By only loading items from the file on an as-needesd basis, corpus views maintain both memory efficiency and responsiveness. The memory efficiency of corpus readers is important because some corpora contain very large amounts of data, and storing the entire data set in memory could overwhelm many machines. The responsiveness is important when experimenting with corpora in interactive sessions and in in-class demonstrations.
The most common corpus view is the StreamBackedCorpusView, which acts as a read-only list of tokens. Two additional corpus view classes, ConcatenatedCorpusView and LazySubsequence, make it possible to create concatenations and take slices of StreamBackedCorpusView objects without actually storing the resulting list-like object's elements in memory.
In the future, we may add additional corpus views that act like other basic data structures, such as dictionaries.
In order to add support for new corpus formats, it is necessary to define new corpus reader classes. For many corpus formats, writing new corpus readers is relatively streight-forward. In this section, we'll describe what's involved in creating a new corpus reader. If you do create a new corpus reader, we encourage you to contribute it back to the NLTK project.
Before you start writing a new corpus reader, you should check to be sure that the desired format can't be read using an existing corpus reader with appropriate constructor arguments. For example, although the TaggedCorpusReader assumes that words and tags are separated by / characters by default, an alternative tag-separation character can be specified via the sep constructor argument. You should also check whether the new corpus format can be handled by subclassing an existing corpus reader, and tweaking a few methods or variables.

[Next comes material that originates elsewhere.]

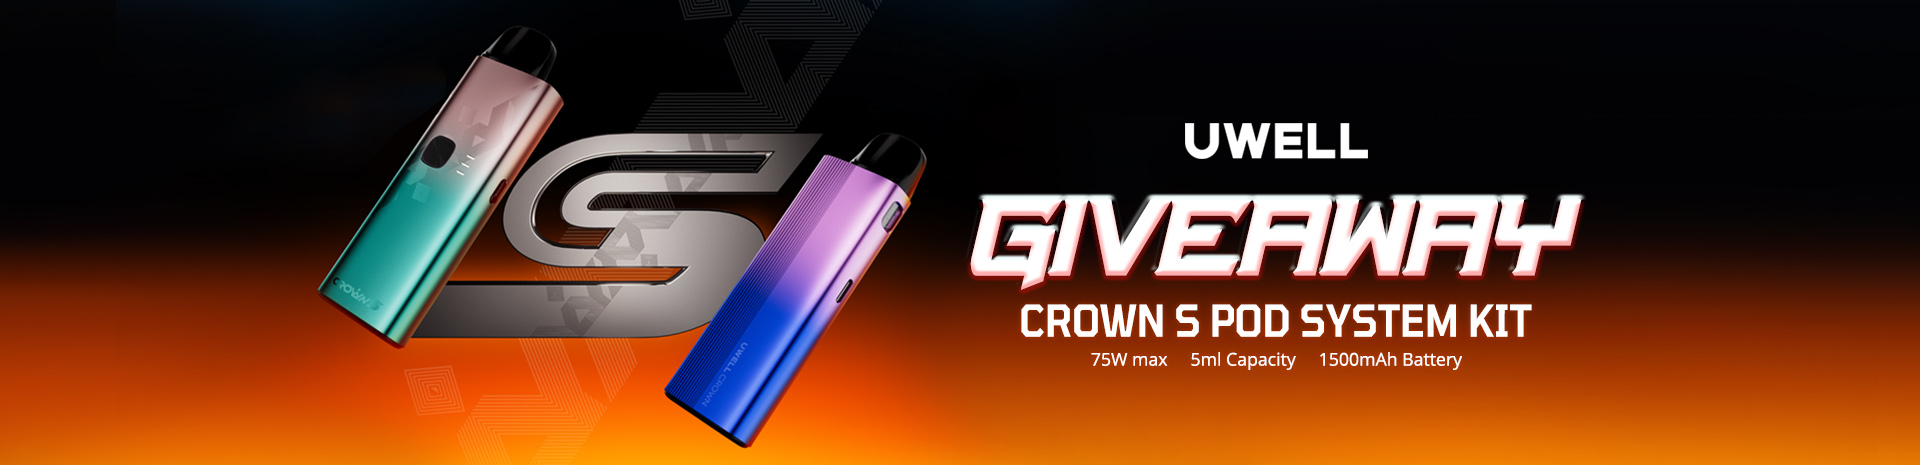 Uwell Crown S Pod Kit Giveaway

If you decide to write a new corpus reader from scratch, then you should first decide which data access methods you want the reader to provide, and what their signatures should be. You should look at existing corpus readers that process corpora with similar data contents, and try to be consistent with those corpus readers whenever possible.
You should also consider what sets of identifiers are appropriate for the corpus format. Where it's practical, file identifiers should be used. However, for some corpora, it may make sense to use additional sets of identifiers. Each set of identifiers should have a distinct name (e.g., fileids, utteranceids, rolesets); and you should be consistent in using that name to refer to that identifier. Do not use parameter names like id, which leave it unclear what type of identifier is required.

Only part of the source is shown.